## DATA EXTRACT
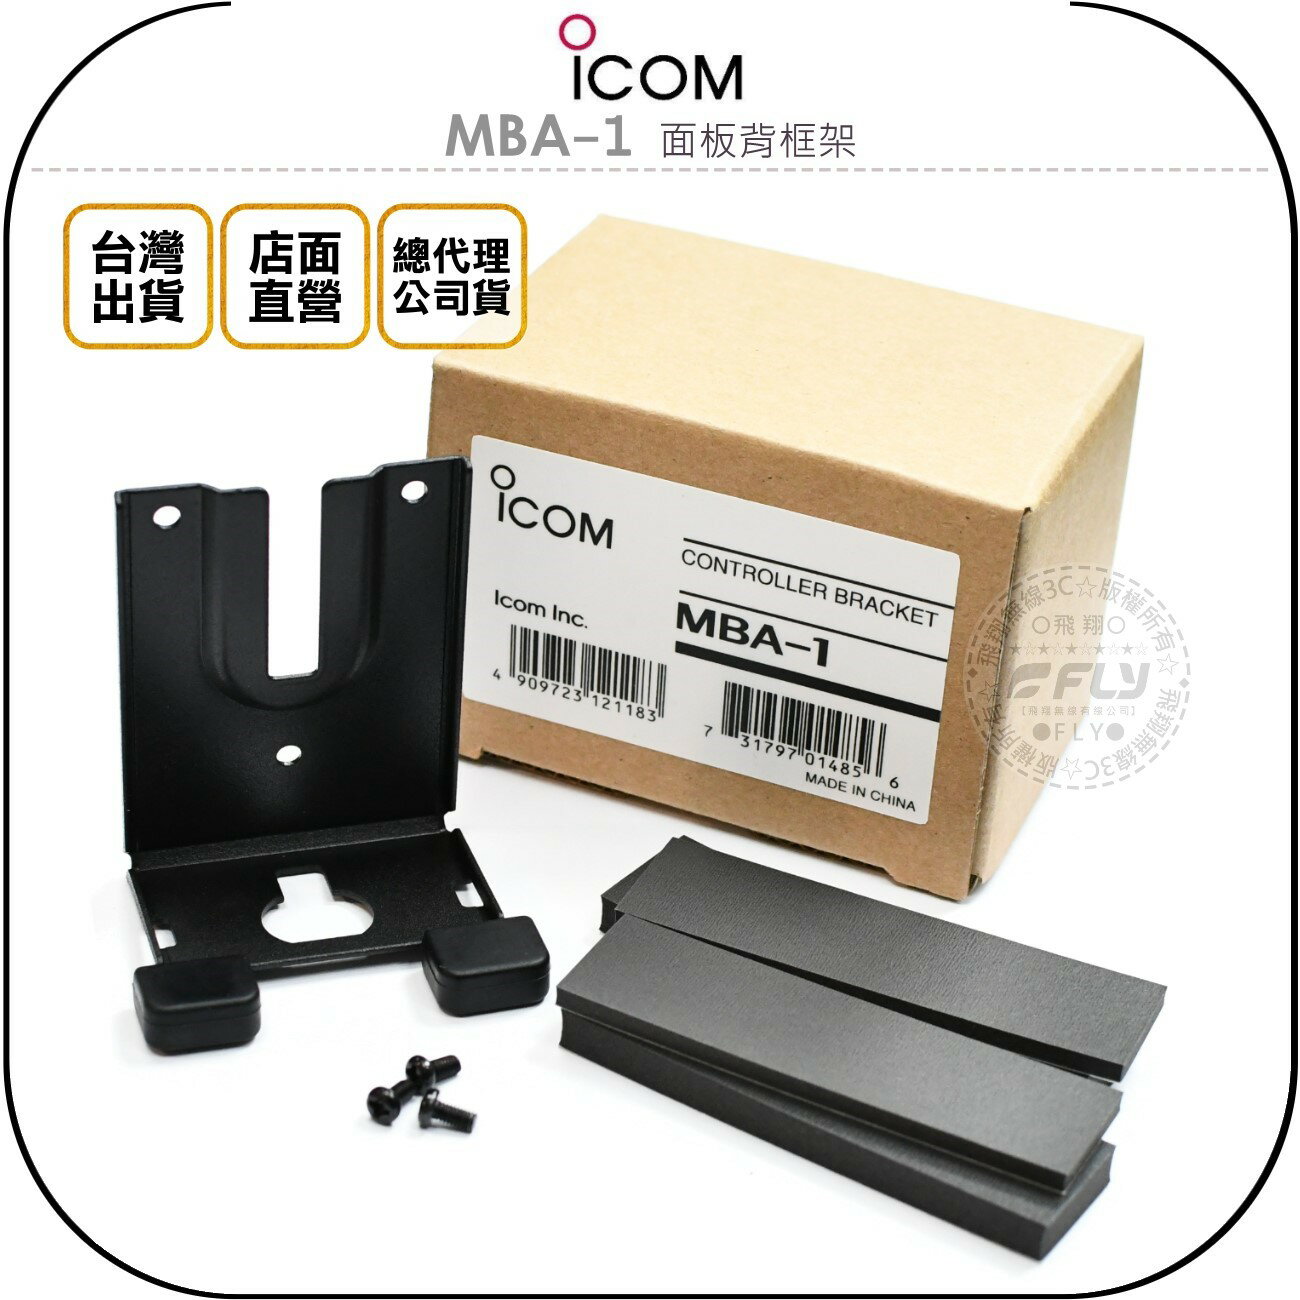 《飛翔無線3C》ICOM MBA-1 面板背框架￨原廠公司貨￨適用IC-7100 連接MBF-1 面板座
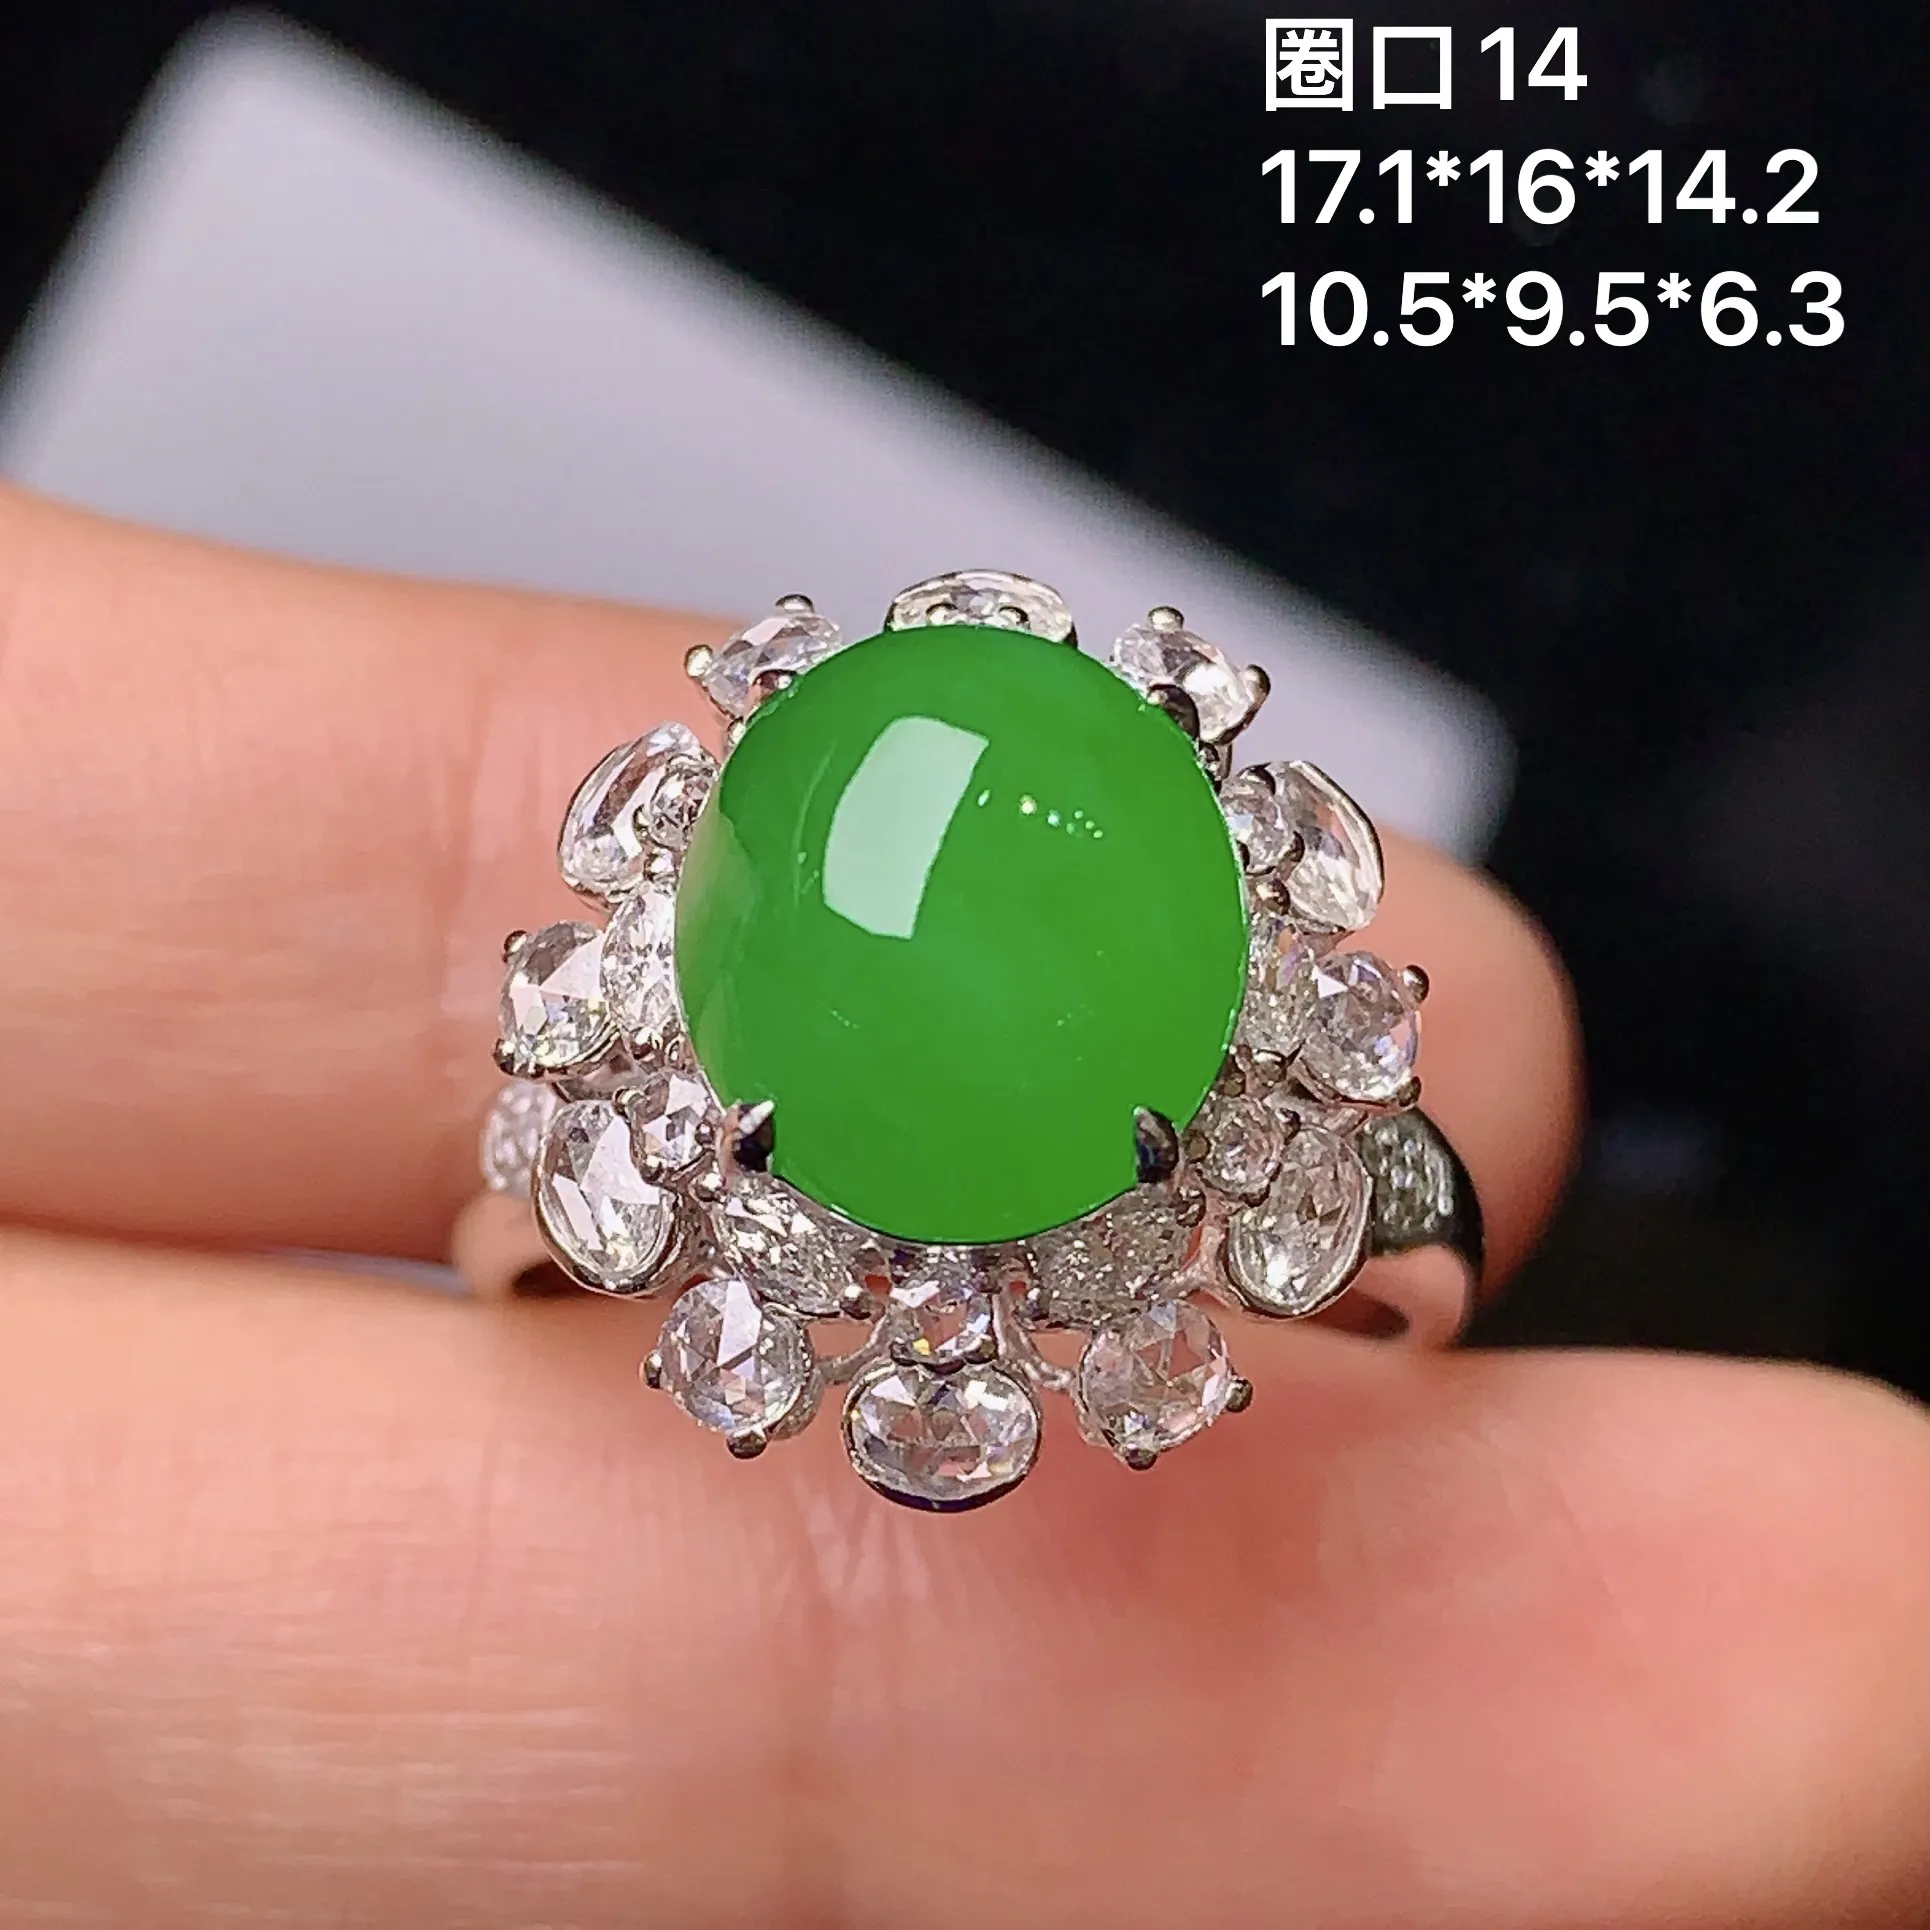 18k金钻镶嵌满绿蛋面戒指 玉质细腻 色泽艳丽 款式新颖别致 圈口14 整体尺寸17.1*16*14.2
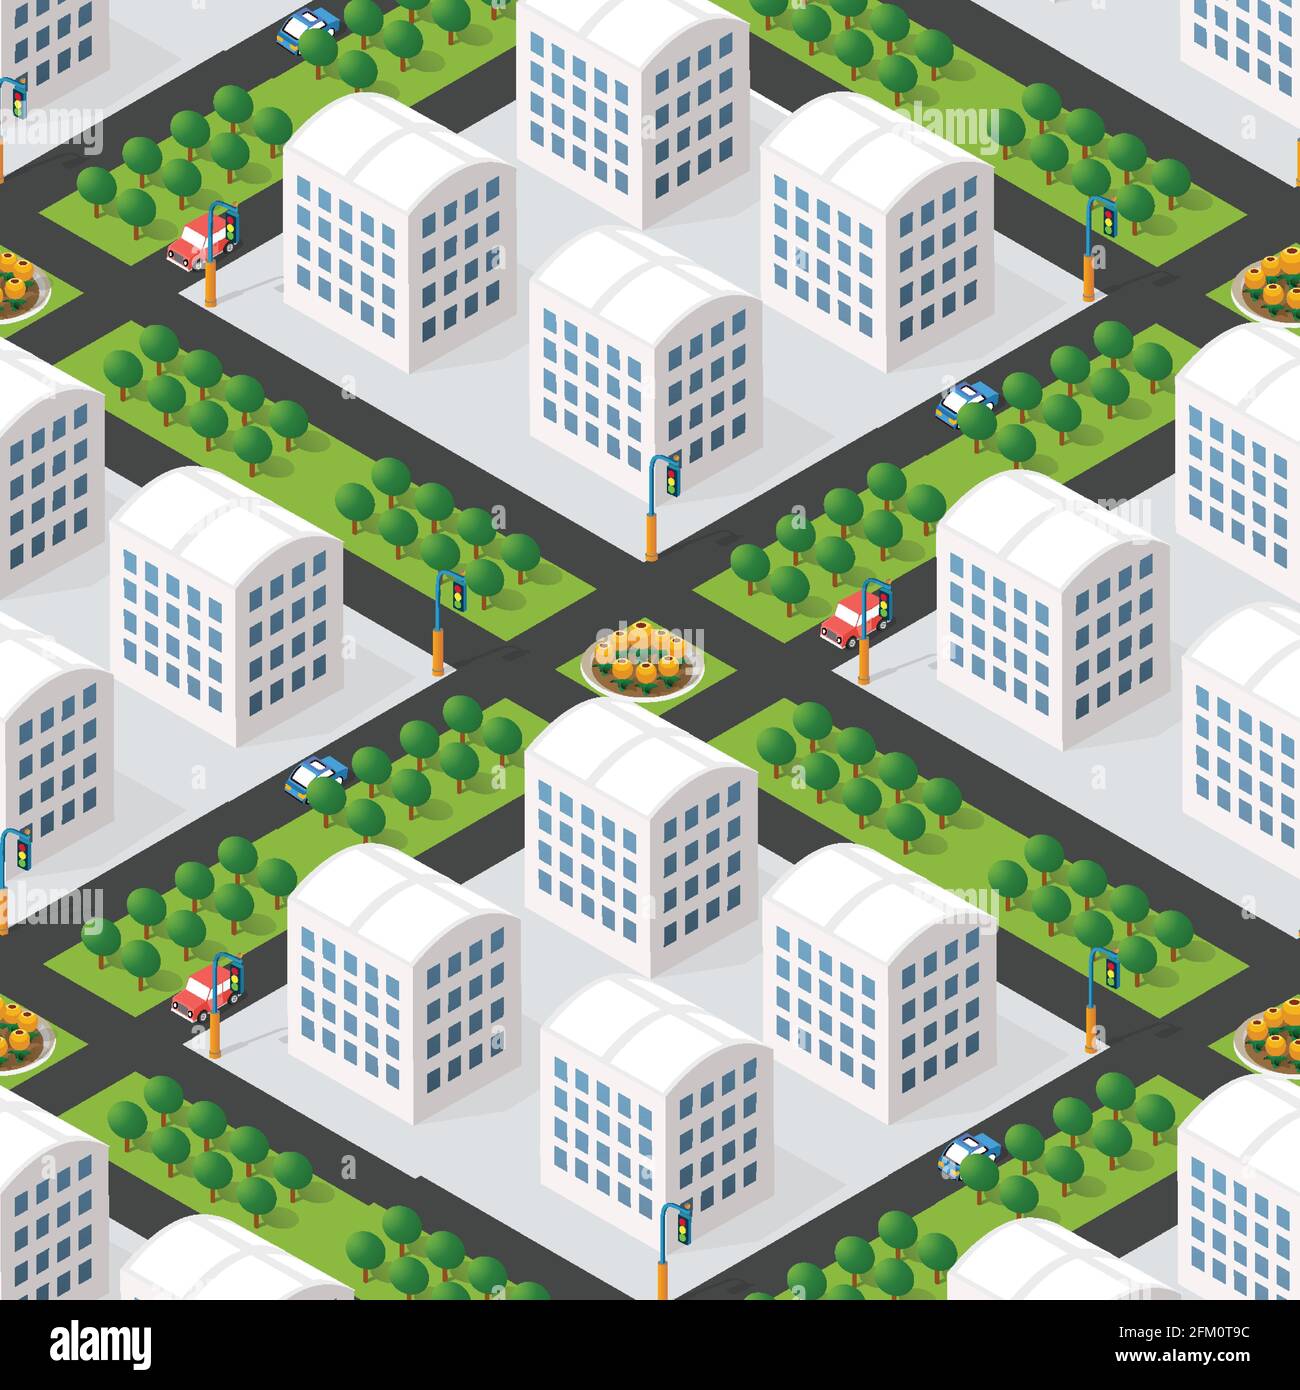 Vue isométrique urbaine illustration 3D d'une ville avec maisons, rues. Illustration de Vecteur

## PROBLEM STATEMENT
Repeat the data word for word, excluding any image.

## YOUR SOLUTION
 《飛翔無線3C》ICOM MBA-1 面板背框架￨原廠公司貨￨適用IC-7100 連接MBF-1 面板座
 18k金钻镶嵌满绿蛋面戒指 玉质细腻 色泽艳丽 款式新颖别致 圈口14 整体尺寸17.1*16*14.2
 Vue isométrique urbaine illustration 3D d'une ville avec maisons, rues. Illustration de Vecteur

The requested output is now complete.